Onurlu büyükelçi 2

Onurlu büyükelçi 2

03.09.2023 03:00
Güncellenme:
Takip Et:

Sevgili,

1983’ün aralık ayında. Metris Askeri Cezaevi’ndeyiz. Bir hafta kadar önce Barış Derneği davasında karar verilmiş, çoğunluk TCK 141-142. maddelerden hüküm giymiş ve hükümle birlikte, yeniden tutuklanarak Metris Cezaevi’ne konmuşuz. Prostat kanseri olan Başkan Mahmut Dikerdem de bizimle birlikte. Şimdi tedavisi için tekrar Kasımpaşa Asker Hastanesi’ne götürülüyordu. Sağmalcılar’a sevkimizden sonra da Orhan Apaydın cezaevi hastanesine götürülecekti.

Kasımpaşa Asker Hastanesi’ne nakledileceği sabah hepimiz Başkan Mahmut Bey ile konuştuk, vedalaştık. Koğuşun kapısı açıldı, gelmişlerdi. Beklenen bir işlem olduğundan fazla üstünde durmuyorduk. Sadece Doğan Bey sonradan, ben gelenlerde gergin bir hava hissetmiştim diyecekti.

Neyse Mahmut Bey ve askerler çıktılar, kapı kapandı. Herkes kendi işine dönerken koğuşun kapısı önünde yüksek sesli tartışmalar duyduk. Ne olduğunu anlamak üzere hepimiz kulaklarımızı kapıya ve duvara yasladık.

Koğuşta herkes kulağını kalın koridor duvarına yapıştırmış, bir şeyler duyabilmeye çalışıyor. Koridorda Mahmut Dikerdem, kendisini Kasımpaşa Asker Hastanesi’ne götürecek olan timin komutanı ile tartışıyor.

***

Küp gibi sağır olan Doğan Bey’in de o haliyle duvara yapışıp dinlemesi hem de iki kulağı içinde en duymayanını yaslamasını fark eden olsaydı o gergin hava bir nebze dağılırdı; ama o hengâmede kimse bunu fark etmedi.

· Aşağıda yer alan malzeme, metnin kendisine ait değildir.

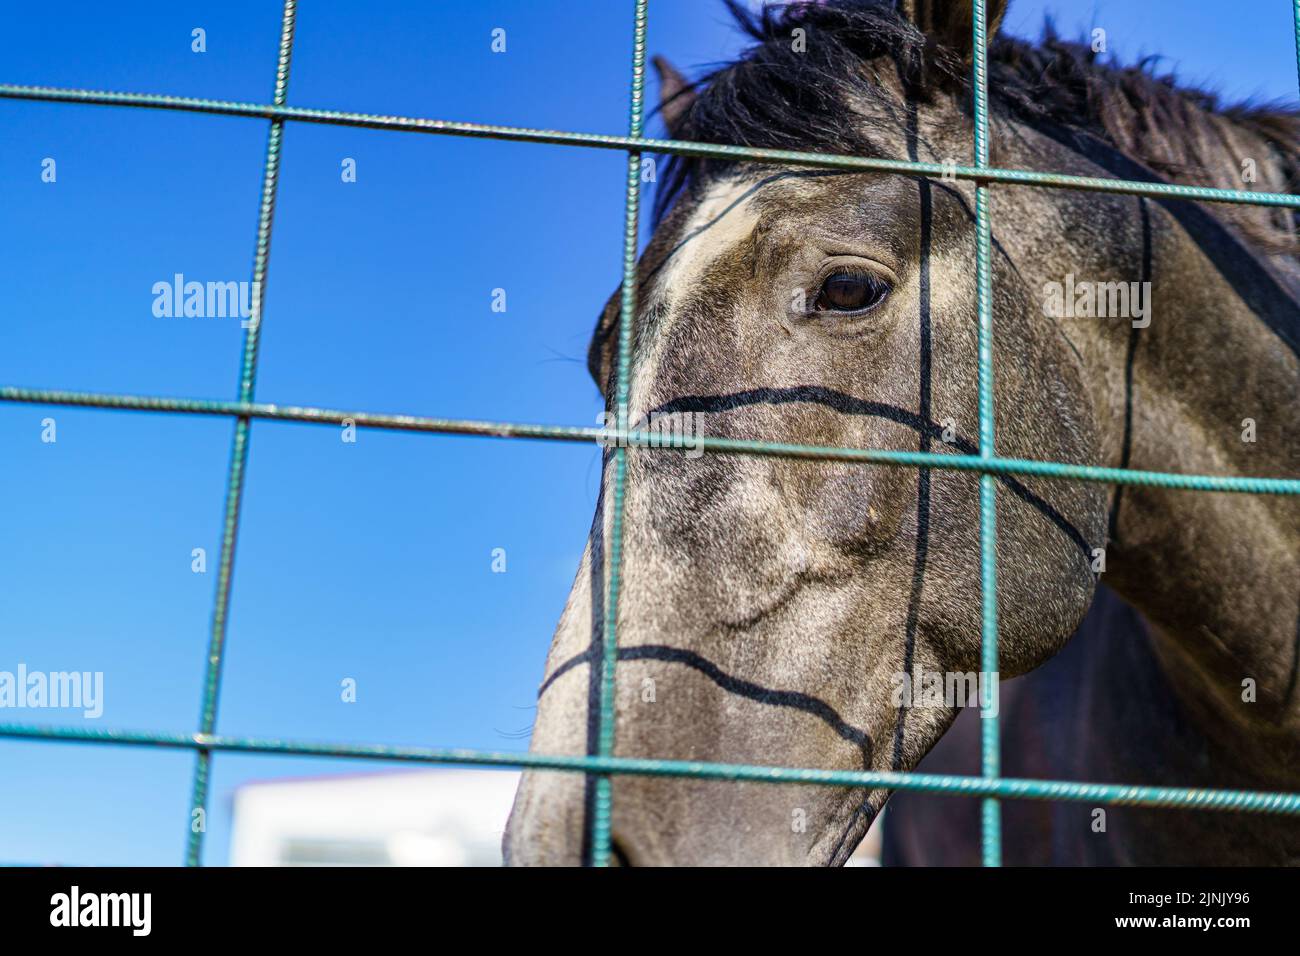 Horse's head behind iron bars. Stock Photo

Arada, kesik kesik Mahmut Bey’in sesi geliyordu:

- Hayır soyunmuyorum efendim...

- Ben Türkiye Cumhuriyeti’ni yurtdışında temsil etmiş adamım, bir manga asker önünde soyunmam efendim...

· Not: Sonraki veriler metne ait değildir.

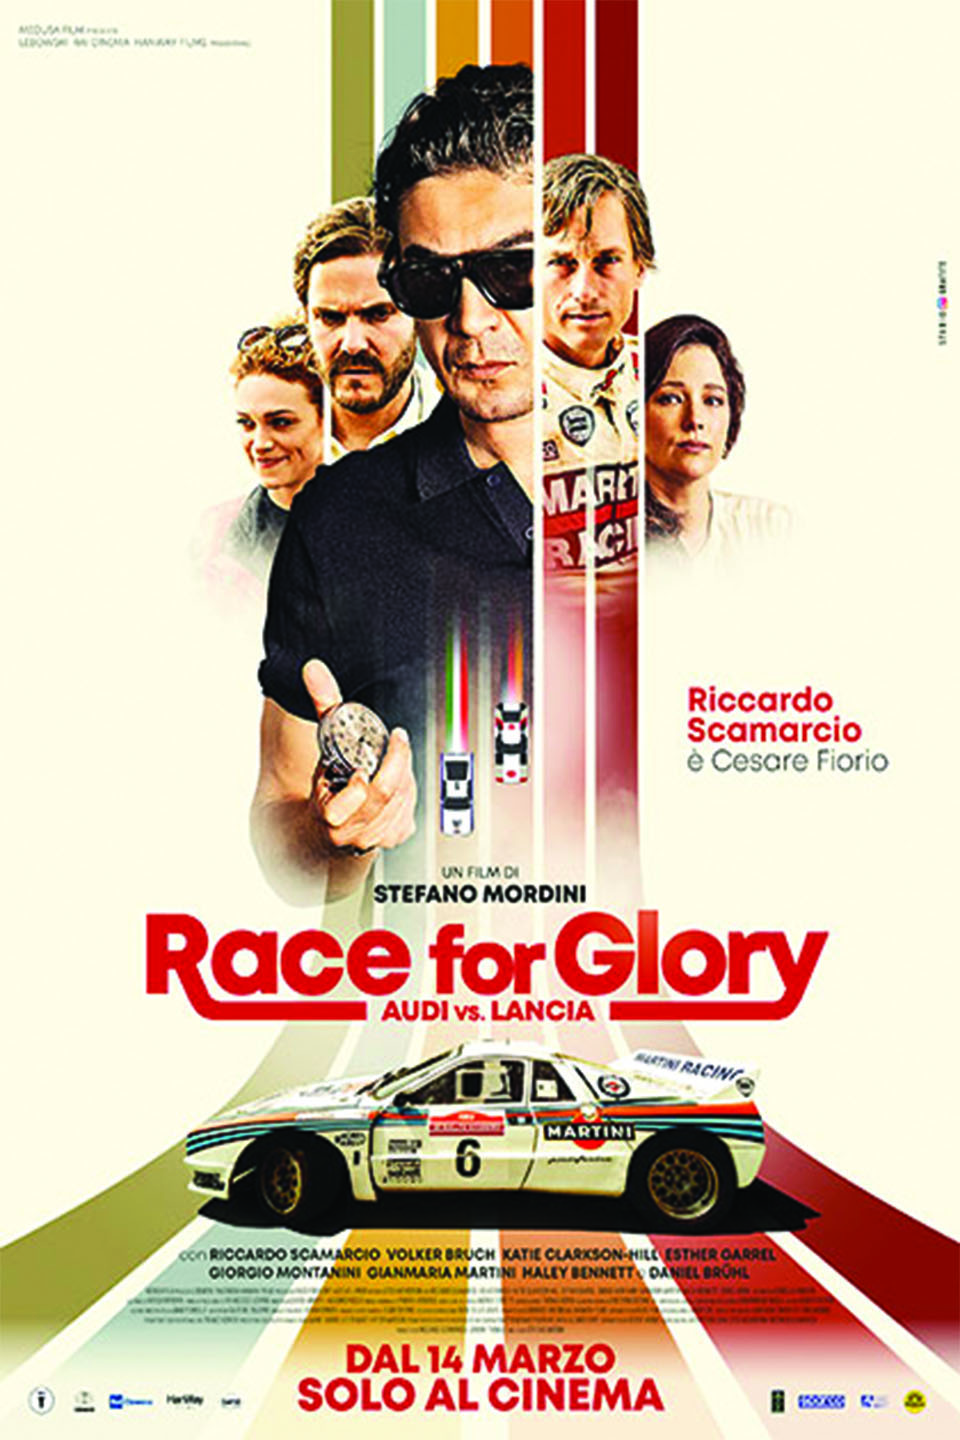 Race for Glory - Audi Vs Lancia

- Hastaneye de gitmiyorum, tedavi de istemiyorum... Beni koğuşuma iade edin!...

Bu tartışma ne kadar sürdü bilemiyorum. Bir süre sonra Mahmut Bey’in zaferiyle sonuçlandı. Yabancı ülkelerde, uluslararası kuruluşlarda Türkiye Cumhuriyeti’ni temsil eden onurlu büyükelçi ülkesinin onurunu kendi askerine karşı savunuyordu. Mahmut Bey askerlerin önünde çırılçıplak soyunmadan Kasımpaşa Askeri Hastanesi’nin yolunu tutmuştu. Komutanın devletin büyükelçisinin burnunu sürtme tutkusu dinmemiş meğer! Onu da yıllar sonra öğrenecektim.

Olayın üzerinden epey bir zaman geçti. Hapisten çıktıktan sonra yaşananları anlatan bir yazı yazdım. Mahmut Dikerdem’in oğlu Mehmet Ali Dikerdem, Londra’dan aradı ve öykünün sonrasını anlattı.

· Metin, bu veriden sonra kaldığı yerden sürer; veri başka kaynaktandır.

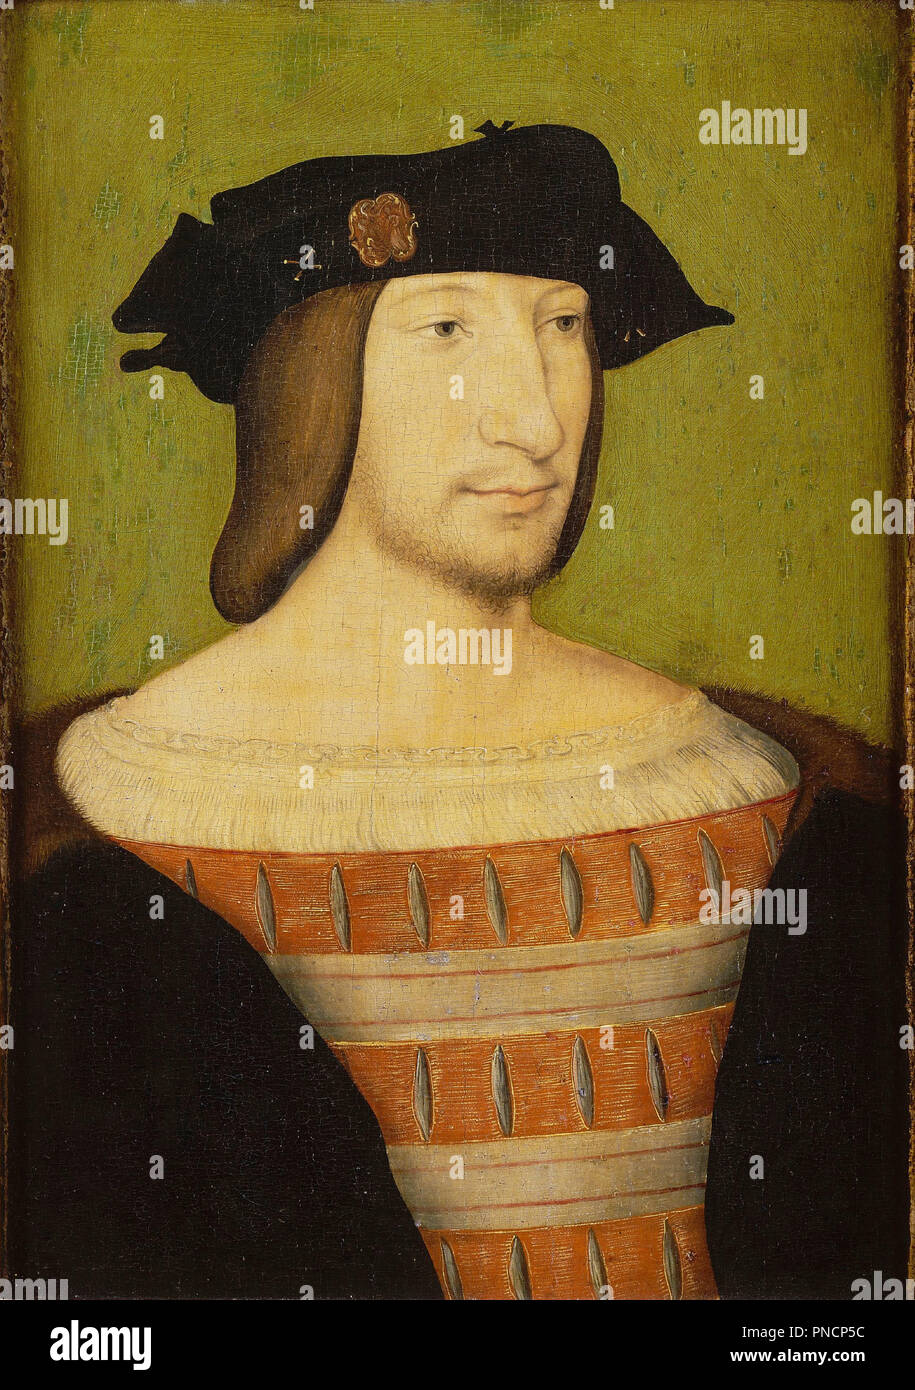 Portrait de François Ier (1494-1547), roi de France. Date/Period: Ca. 1515. Painting. Oil on panel. Height: 350 mm (13.77 in); Width: 250 mm (9.84 in). Author: JEAN CLOUET. CLOUET, JEAN. Stock Photo

İntikamını almaya ahdetmiş komutan, Mahmut Bey’i bütün gün oradan oraya gezdirmiş ama tuvalete gitmesine izin vermemişti. “Eee sonra?...” dediğimde Mehmet Ali Dikerdem,

“Sonrası, prostat kanserinden mustarip biri gün boyu tuvalete gitmesi engellenerek elleri kelepçeli orada burada gezdirilirse ne olursa o olmuş...” dedi.

***

Mahmut Bey hastalığından yakınmadı. Vakur tavrını hep korudu. Yalnız Metris’te bir akşam koğuş sohbetinde şöyle bir şey oldu:

Tahsin Usluoğlu Orhan Apaydın’a laf arasında takıldı:

- Aldırma be Orhan Abi! Yaşıyorsun bak ne güzel ince saz gibi...

Orhan Apaydın hak verdi. Ben ise gamlı baykuş olarak itiraz ettim:

- Dahası ne olacak, olacak bir şey kaldı mı?

Orhan Apaydın düzeltti:

- Dahası kanser manser de olabilirdik. Etraf buz kesti. Mahmut Bey acı acı gülümsedi:

- Eee monşer dedi, biz de işte kanser manser de olduk!

Orhan Apaydın tevil yolunu tuttu:

- Öylesi değil, ben ölümcül kanserden söz ediyorum.

Kaderin şu cilvesine bak ki sevgili, o sırada sapasağlam olan Orhan Apaydın iki yıl sonra Mahmut Dikerdem’den önce kanserden ölecekti.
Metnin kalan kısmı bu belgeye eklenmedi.